DIGITAL LIBRARY
HOW FAR CAN WE FORECAST? MULTI-HORIZON FUZZY TIME SERIES FOR SCHOOL ENROLLMENT IN THE CONTEXT OF BRAZIL'S NATIONAL TEXTBOOK PROGRAM
1 Federal University of Alagoas (BRAZIL)
2 Federal Institute of Education, Science and Technology of Alagoas (BRAZIL)
3 Federal University of Pernambuco (BRAZIL)
4 Federal University of the Semi-Arid Region (BRAZIL)
About this paper:
Appears in: EDULEARN26 Proceedings
Publication year: 2026
Article: 1924
ISBN: 978-84-09-88444-5
ISSN: 2340-1117
doi: 10.21125/edulearn.2026.1924
Conference name: 18th International Conference on Education and New Learning Technologies
Dates: 29 June-1 July, 2026
Location: Palma, Spain
Abstract:
Accurate enrollment forecasting is a cornerstone of educational planning, supporting decisions on resource allocation, infrastructure investment, and teacher workforce management. In Brazil, this challenge is particularly consequential in the context of the Programa Nacional do Livro e do Material Didático (PNLD), a large-scale public program that distributes textbooks and educational materials to millions of students annually. PNLD procurement cycles require enrollment projections spanning multiple years ahead, making forecast reliability across extended horizons a practical necessity rather than a purely academic concern.

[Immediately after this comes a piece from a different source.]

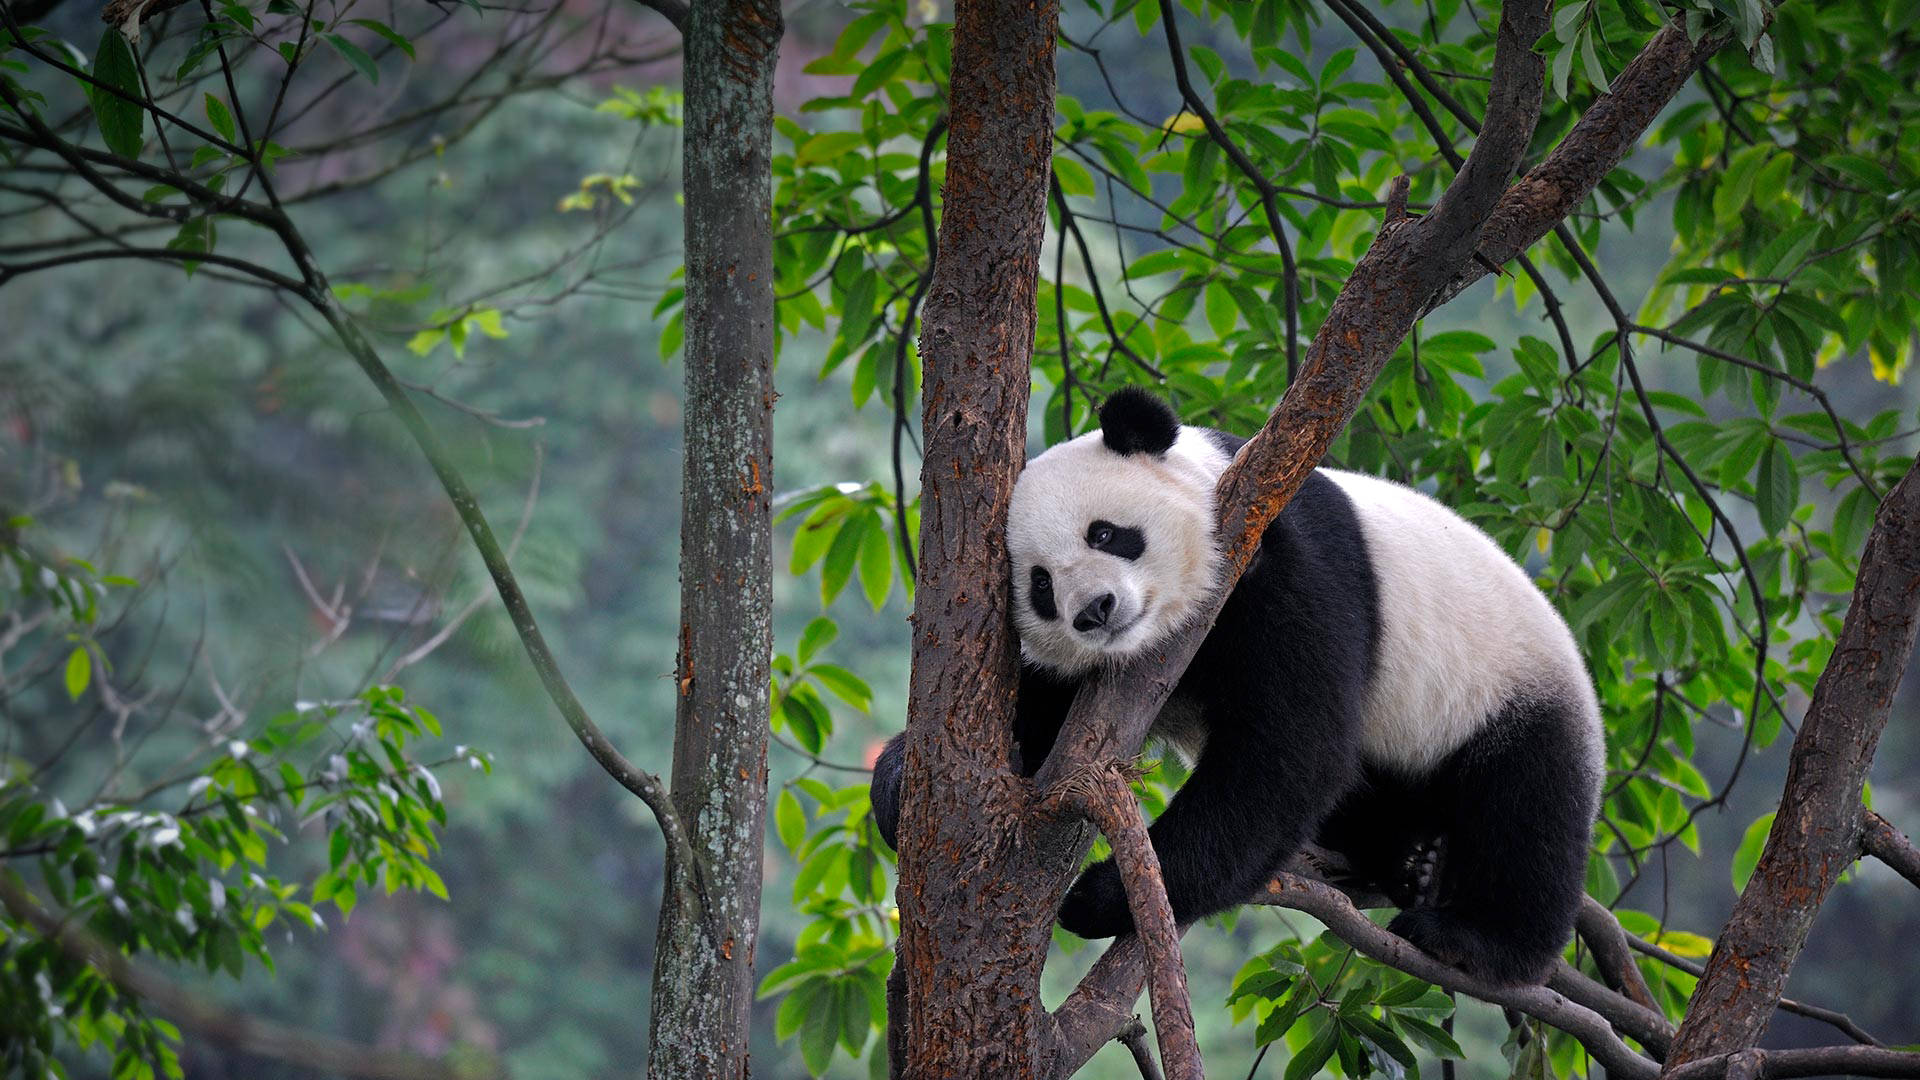 Cute Panda On Top Of Tree

This study investigates the forecasting horizon problem applied to school enrollment series using Fuzzy Time Series (FTS) models. Drawing on a large-scale national dataset of Brazilian basic education schools, we evaluate how predictive accuracy evolves as the forecast horizon extends from one to four years ahead, with training fixed on a pre-evaluation historical window. Multiple FTS approaches are benchmarked against statistical baselines to assess not only absolute performance but the rate of accuracy degradation over time.

Beyond methodological comparison, the study characterizes the practical limits of FTS-based enrollment forecasting: identifying the horizon range within which fuzzy models remain competitive and the point at which alternative approaches should be considered. Results are discussed in terms of their implications for PNLD planning cycles, offering guidance for practitioners seeking to align forecasting tool selection with the temporal demands of large-scale educational procurement.
Keywords:
Enrollment forecasting, fuzzy time series, forecast horizon, National Textbook Program, educational planning, learning analytics, Brazilian basic education.